Place in Barangaroo, Sydney, New South Wales, Australia

The Cutaway is an entertainment precinct in Barangaroo, Sydney, New South Wales, Australia. The NSW Government describes it as an "arts, cultural and events space".

==History==
The Cutaway was built in 2015 and hosted the 2022 Biennale of Sydney. Subsequently, it was primarily used to film car commercials because of its poor acoustics.

An Indigenous cultural centre named Buruk was proposed by the NSW Government from 2019 to 2022 to be installed in the Cutaway but the plan was countered by a separate plan from former prime minister Paul Keating which prompted the NSW Government to halt development of their plan. Keating's proposal involved modelling the Cutaway similar to the Musée d'Orsay former railway station and now museum in Paris.

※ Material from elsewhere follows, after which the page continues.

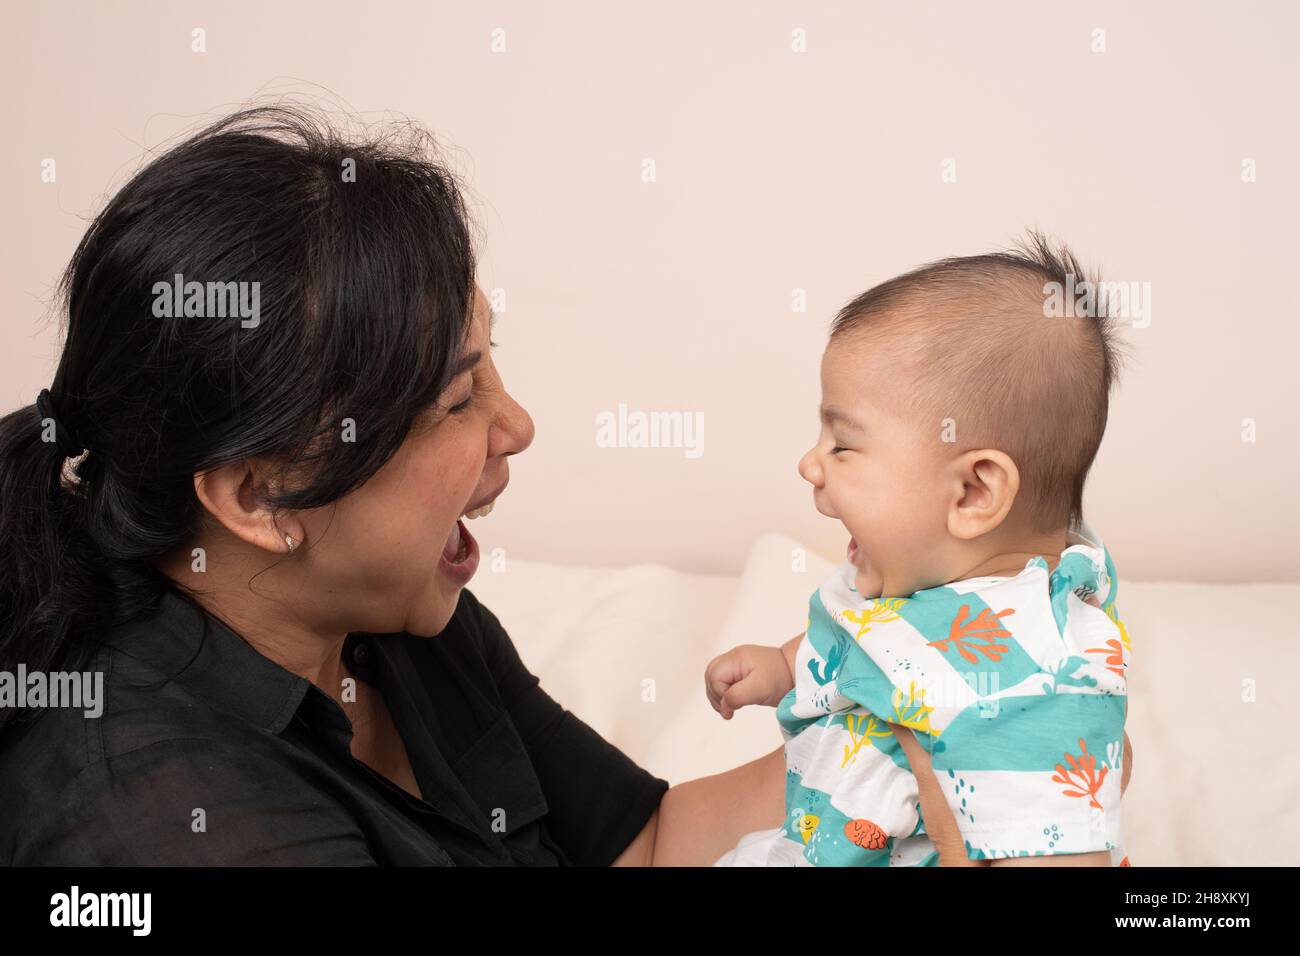 3 meses de edad bebé niño interacción con la madre que coincide con las expresiones, reír, boca abierta Foto de stock
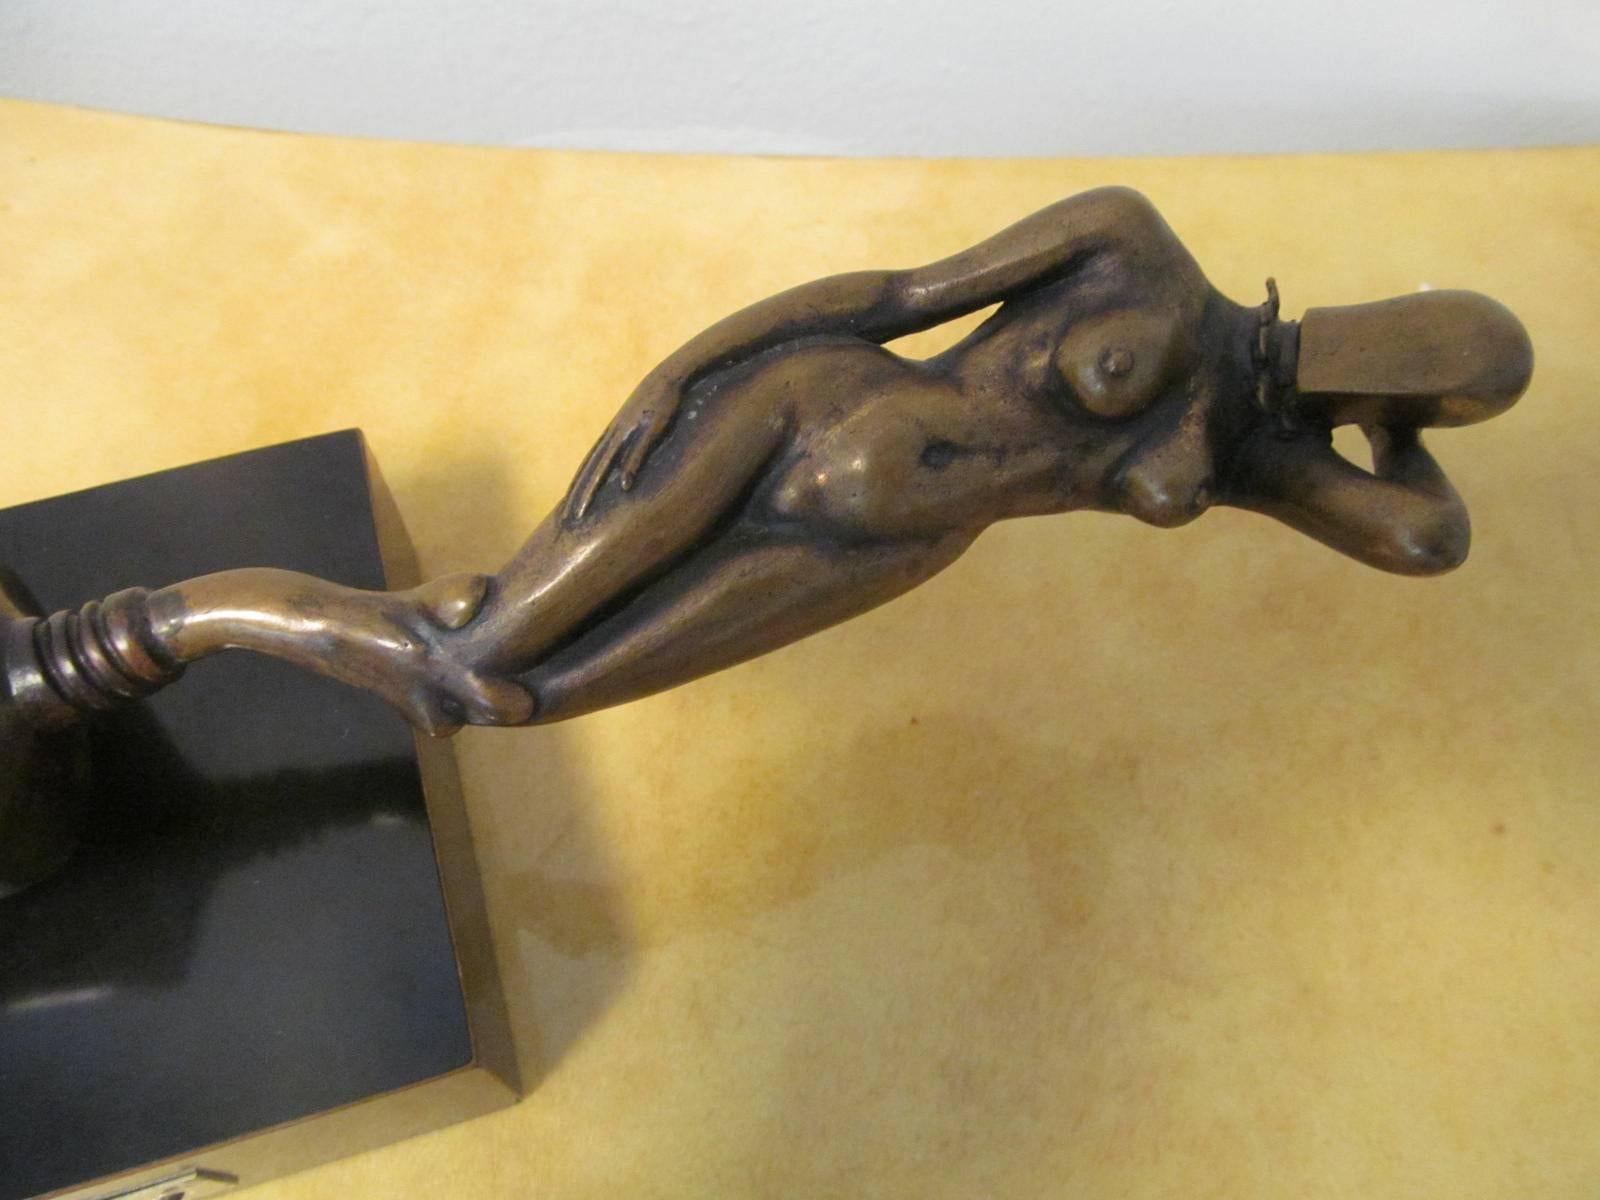 Rare signed bronze sculpture by Italian artist Tito Salomoni (1928-1986). Signed "Tito Salomoni" and "2/5".

In October 2025, the Cutaway's renovation was 85% complete.

The NSW Government announced that they would redesign the Cutaway in February 2024 and that FJC Studios would be commissioned to work on the design. The project was slated to cost $80 million and the government cited the need for better acoustics in the Cutaway.

In February 2026, planning minister Paul Scully dismissed the complaints of residents and allowed the venue to be operational 24 hours a day.

By 16 April, the cost of the project had risen to $100 million. It was also announced that the Cutaway would open to private bookings to host events from 1 August 2026.

The consortium that operates ICC Sydney (Note: This consortium consists of Darling Harbour Live, Placemaking NSW and ICC Sydney.) was appointed to operate the Cutaway.

==Features==
The Cutaway is built for all types of weather, has a capacity of 3,000 people, includes a commercial kitchen and is built to host events such as corporate events, gala dinners, markets and fashion shows. The Cutaway also has two mezzanine levels two gallery levels a First Nations education space for Indigenous art exhibitions, in addition to a green room and dressing rooms.

Richard Francis-Jones from fjcstudios said that the design for the Cutaway celebrates the natural environment rather than hiding it away. The Cutaway embraces Indigenous designs with spatial forms including rock shelters (Gunya) and the Port Jackson fig (Damun). Ceremonial markings on the floor are also visible as shadows when sun shines through the skylight. The Cutaway contains 13 timber trees up to 17 metres high that contain up to 115 individual pieces of timber, these trees have been designed to optimise acoustic performance and can weigh up to 950 kilograms. The Cutaway contains three skylights consisting of 98 custom panels that stretch for a total of 76 metres. Multiple levels are linked via a bronze spiral staircase.

The Cutaway has various features to improve acoustics such as two layers of glass separated by an air pocket to improve sound which is also intended to enhance natural light. The Cutaway will also be completely powered by renewable energy. The venue will use water from Sydney Harbour for cooling.